Подруги весело засмеялись.
Внизу на Днепре загорелись огоньки, потянуло свежестью. Сзади вспыхнул ярким светом всех своих электрических лампочек огромный крест в мраморной руке князя Владимира — крестителя древней Руси…
Белый пароход, красиво развернувшись, плавно отошел от пристани и поплыл вниз по Днепру. Медленно уходила назад панорама берега. Красавец-Киев, весь в зелени своих садов, залитый радостными лучами летнего солнца, посылал прощальный привет девушкам, которые, стоя на балконе, смотрели на берег.
— Какая красота! — сказала Ася.
— Да!.. К сожалению, берега Днепра далеко не везде так красивы, — ответила ее спутница. — Вот проедем Киев, — ты узнаешь!..

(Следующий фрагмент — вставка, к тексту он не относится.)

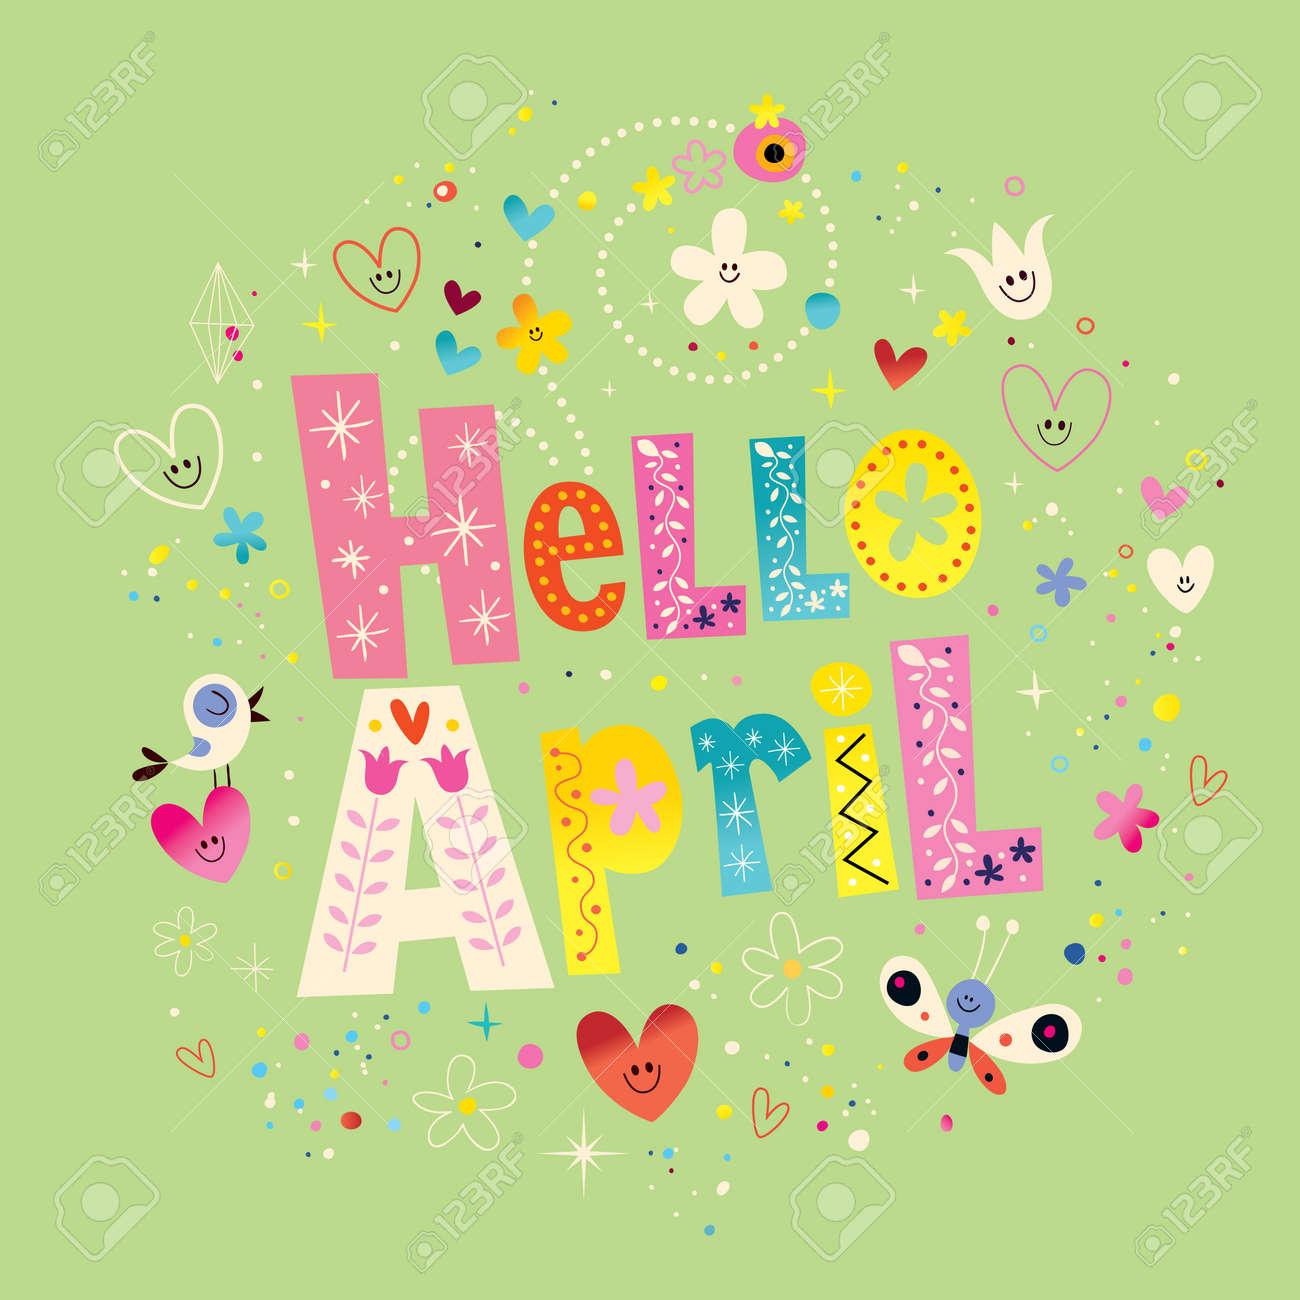 Hello April - 54765795

Действительно, через полчаса по сторонам реки тянулись уже ничем не замечательные плоские берега, расстилались бесконечные степные просторы. Красные маки, как огоньки, алели в высокой траве, кое-где на берегу серебрился ковыль, ослепительно сверкала вода за кормой парохода.
На пристанях смуглые жинки и дивчины в ярко вышитых сорочках и с массой бус на загорелой шее продавали топленое молоко в узких глиняных кувшинах, связанных попарно и надетых на палку, как на коромысло. В таких же кувшинах алела свежая земляника, рядом стояли корзины с черешней, Торговки наперебой предлагали свой товар, зазывая покупателей, и горячий воздух, пышущий полуденным зноем, казалось, звенел мягкими интонациями певучей украинской речи.
Ленивые волы лежали тут же, возле телег, пережевывая медленно и неторопливо свою жвачку и как бы нехотя отмахиваясь от мух и слепней, которые тучами вились над ними. Маленькие хлопчики и девочки, засунув палец в рот и держась за плахту матери, исподлобья глядели на чужих городских людей.
***
Солнце уже склонялось к западу, прячась за далекие холмы, и река сверкала расплавленным золотом в его прощальных лучах, когда пароход подходил к пристани Н.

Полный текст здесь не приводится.